[[ GIVEN INFORMATION, beginning ]]
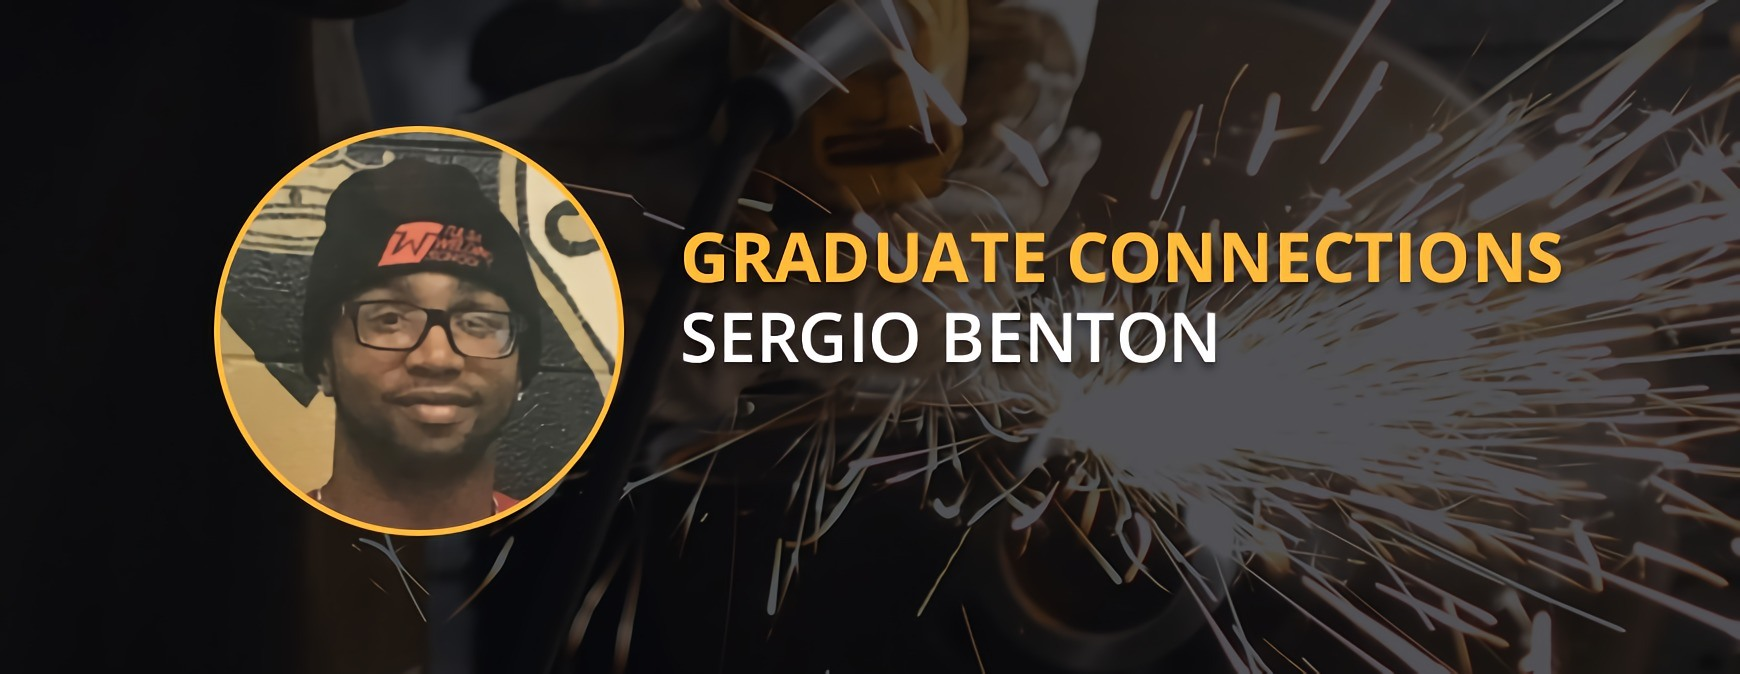 Sergio Benton
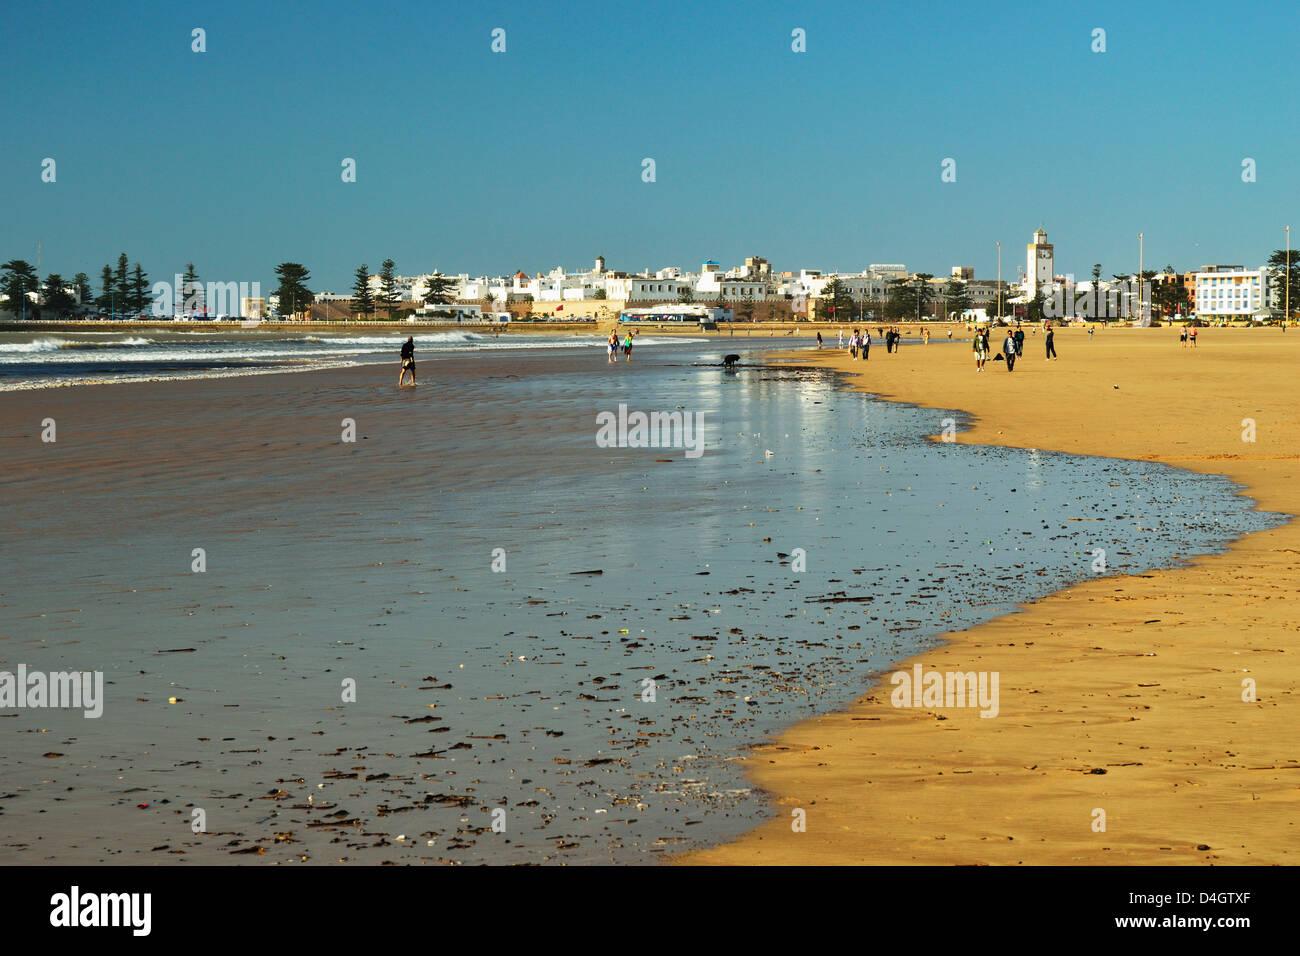 View of Essaouira, Atlantic Coast, Morocco, North Africa - Stock Image
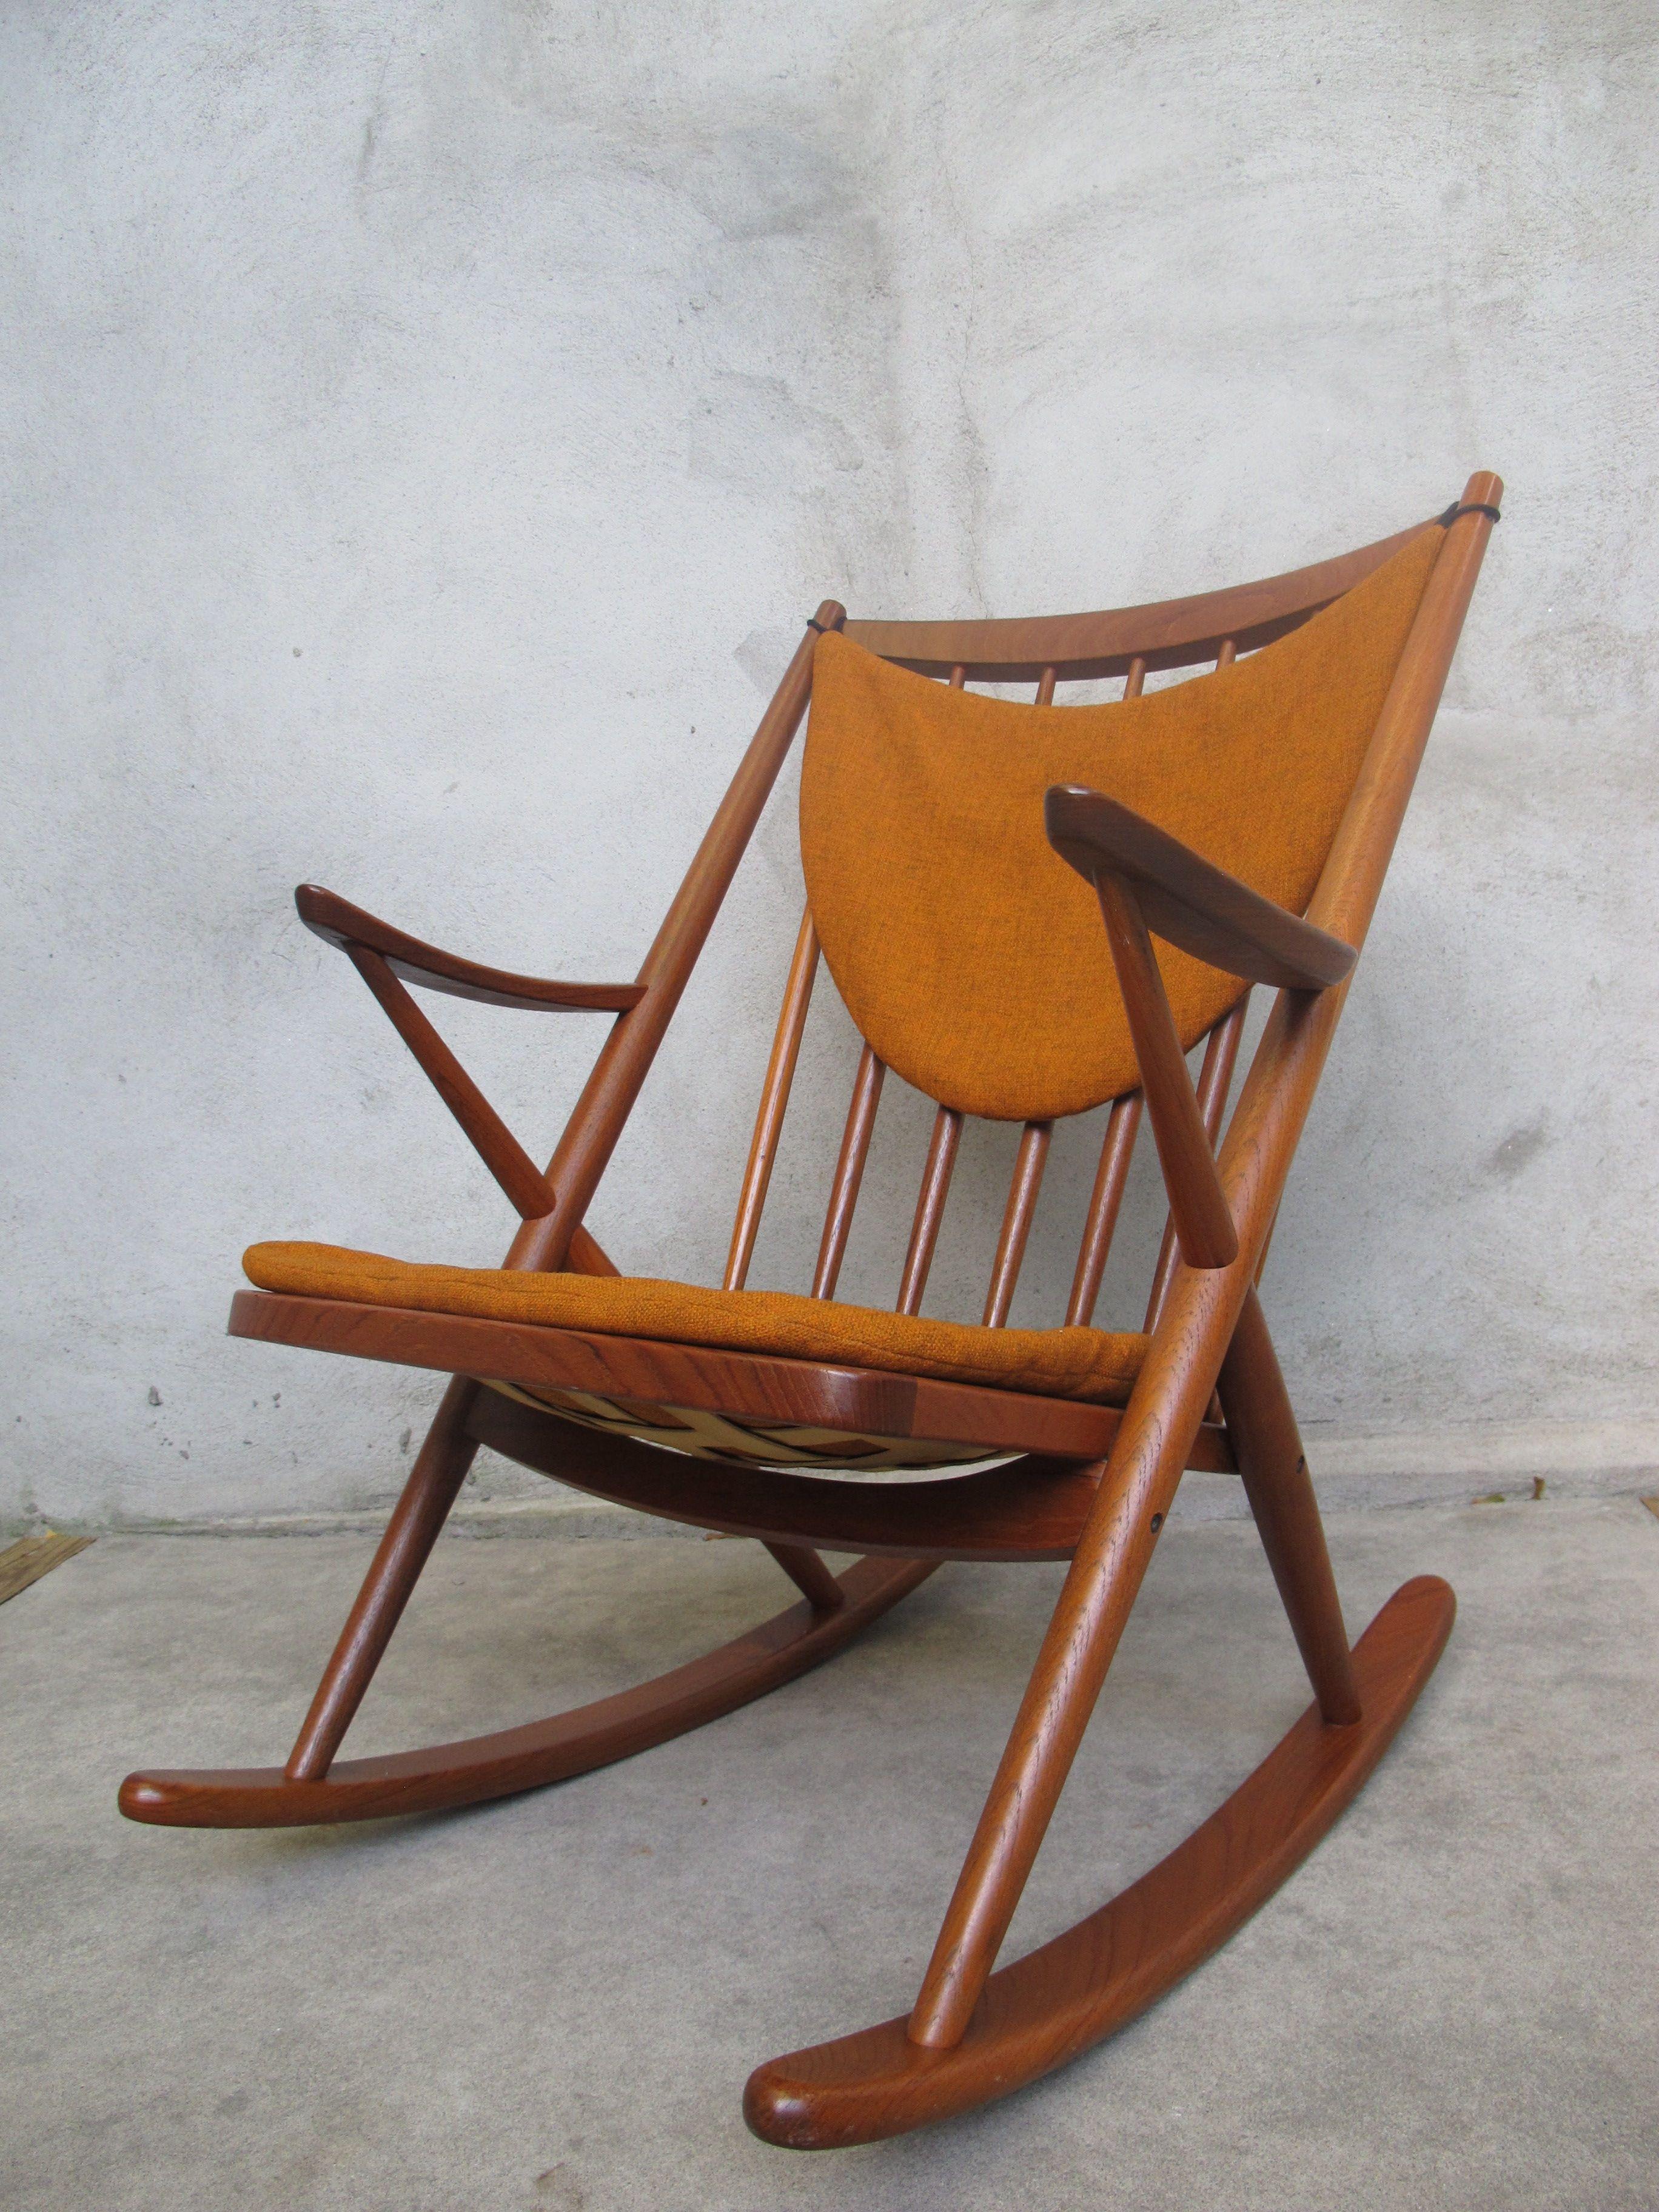 Frank reenskaug rocking chair - Bramin Danish Modern Rocking Chair By Frank Reenskaug
[[ GIVEN INFORMATION, end ]]
» BRIEF
Apart from its pictures, the material above should be repeated exactly.

» PROBLEM SOLUTION
 Sergio Benton
 View of Essaouira, Atlantic Coast, Morocco, North Africa - Stock Image
 Frank reenskaug rocking chair - Bramin Danish Modern Rocking Chair By Frank Reenskaug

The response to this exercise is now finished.